CHS is one school within the MCVSD that offers night school.

Courtesy of Creative Commons

CHS is one school within the MCVSD that offers night school.

Katherine Lombardi

After CHS closes its doors to teenagers across Monmouth County, it welcomes a new group of students ready to learn: Adults seeking to upgrade their skills or explore a new career. For them, the end of high school or college doesn’t have to equate to the end of one’s education.

CHS serves as just one of many campuses for the Monmouth County Vocational School District’s (MCVSD) Adult Education programs, more casually known as “night school.” These vocational classes are open to anyone over the age of 16 who has graduated or left an elementary or secondary school system. Offered courses range from Culinary Arts to Automotive Technology, and are taught at locations throughout Monmouth County.

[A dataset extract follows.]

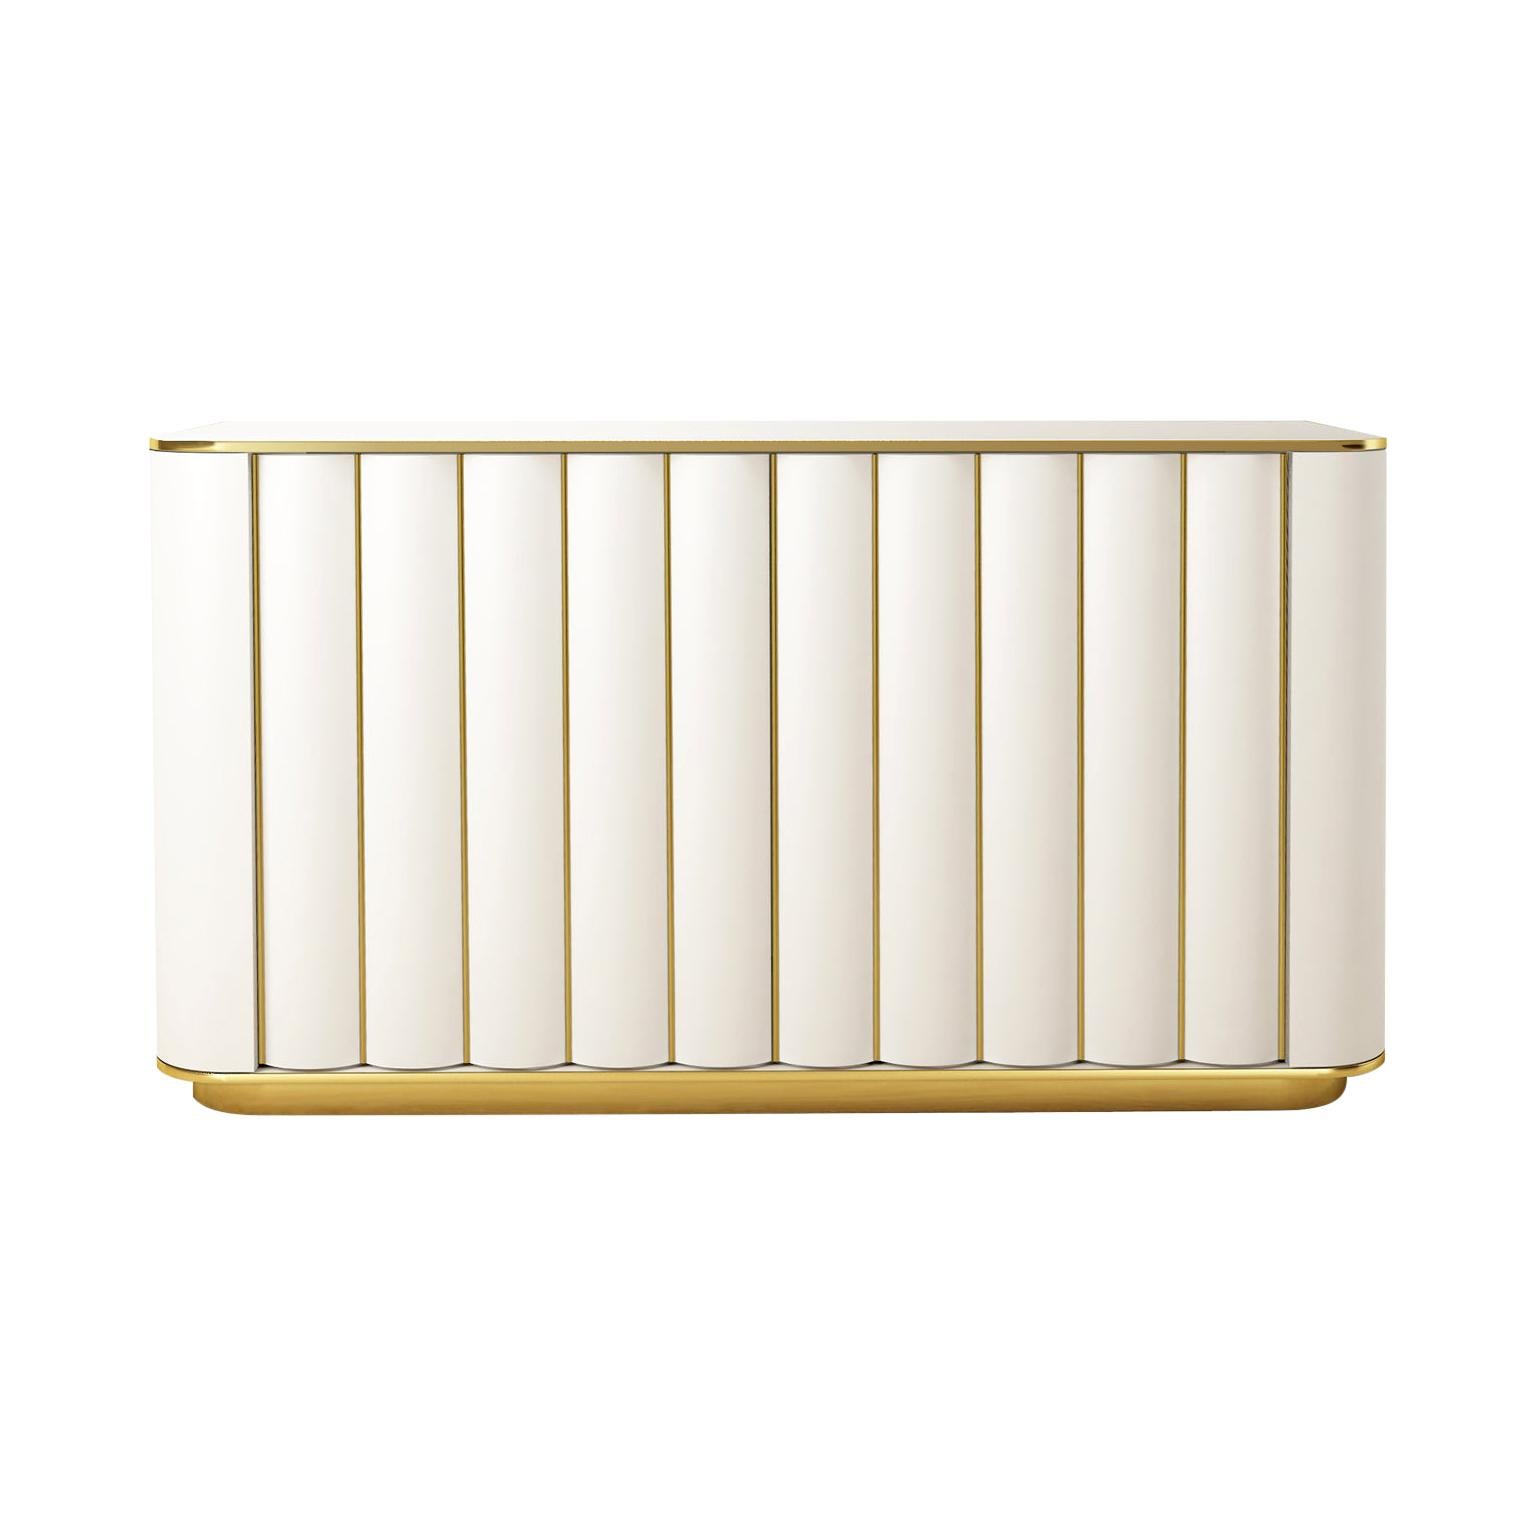 Isabella Costantini, Italy, Duilio Dresser with Polished Brass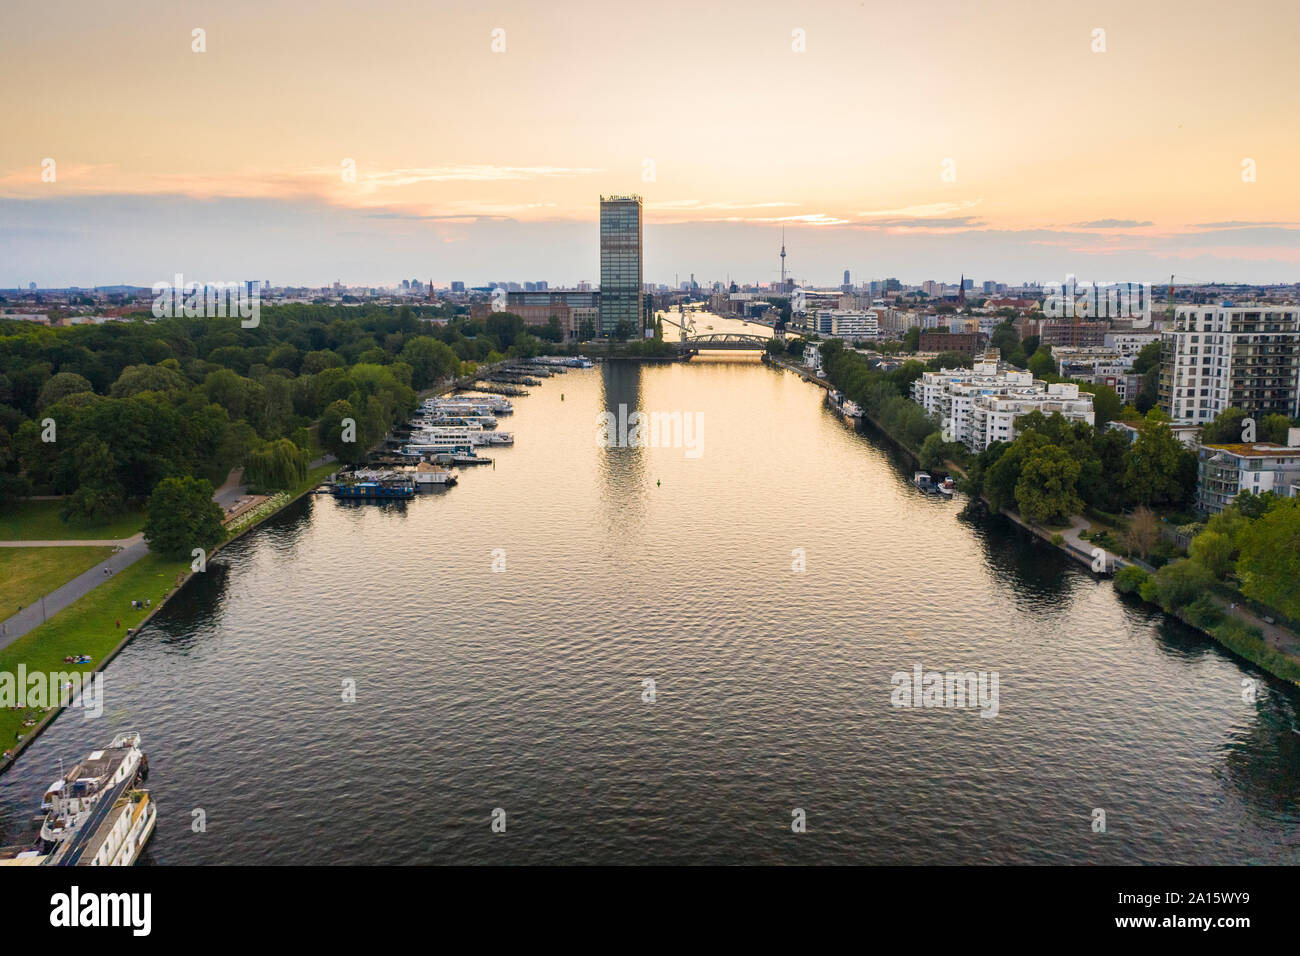 Spree river flowing amidst residential building seen from Treptower Park against sky during sunset Stock Photo

According to the MCVSD website, the classes intend to help members of the community “further their educational, employment, and personal goals.” While some programs may offer career certifications in areas like nursing or cosmetology, courses taught at CHS mainly focus on enhancing skills for one’s personal convenience and enjoyment.

Many courses offered at CHS, like Apple MacOS Mastering the Mac and Intro to Google Chromebooks and Google Apps, center on basic computer skills to help adults feel more comfortable with today’s technology. Other classes are similar to electives in the high school curriculum, such as Audio Production/Podcasting and Intro to Web Design.

Radio teacher Bill Bengle has taught Adult Education programs for seven years, including courses such as Mediation for Beginners, Introduction to Public Speaking, and Audio Production/Podcasting. He says the the classes’ student makeup is mostly older generations, but he’d like to see an increased amount of younger adults in the future.

“It’s mostly older folks, people who have some time, professionals who want to increase their skills,” Bengle said. “I’d like to see more younger people, but younger people are partying and not taking classes.”

When compared to his high school classes, Bengle believes it is not the material that differs, but rather the demeanor and skill background of the students.

“People are paying for the class so they’re a little more motivated to participate instead of feeling like they’re required to be here, even though it’s the same material,” Bengle said. “[The older students] are eager to learn, but there’s a lot more basic stuff that they’ve got to get under their belts that comes natural to high school kids.”

However, despite any difficulties that may come with the courses, Bengle finds enjoyment in the experience.

“I enjoy it very much,” Bengle said. “Every time you teach a different group of people it has different challenges and different rewards.”